Sarah Dixon was different. She was forty-five, the widow of George Dixon, a bank clerk who’d died of war wounds from 1917. Originally Sarah Brown, she’d been born in London of an English father and Irish mother. Her grandfather, an IRA activist in the Easter Rising in Dublin against the British, had been shot.

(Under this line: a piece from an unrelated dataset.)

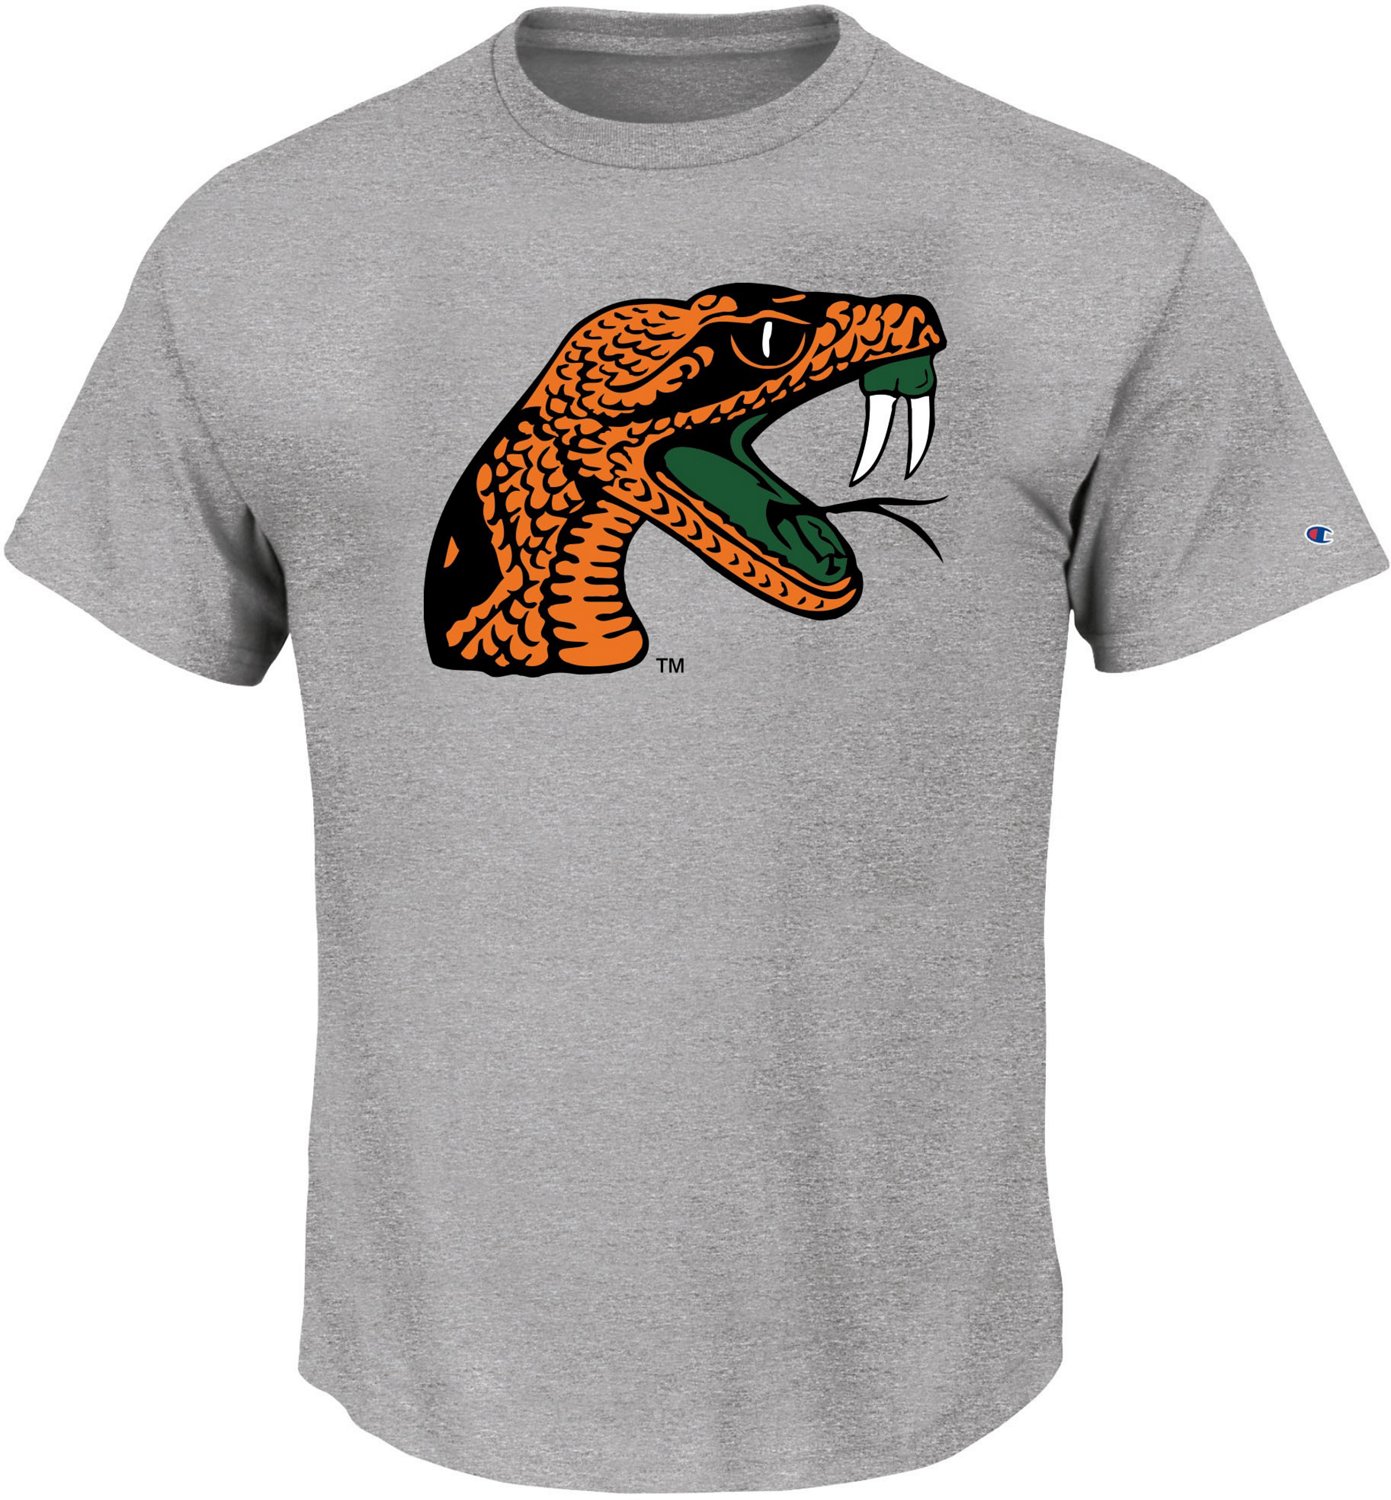 Men's Champion Gray Memphis Tigers Football Jersey T-Shirt

She lived alone in Bayswater in London, had worked as a clerk at the War Office since 1938. She had originally been recruited as an IRA sympathizer by an IRA activist named Patrick Murphy in 1938 during the bombing campaign in London and Birmingham and Murphy had worked for Klein and the SD. She’d agreed to co-operate and then Murphy had been shot dead in a gun fight with Special Branch policemen.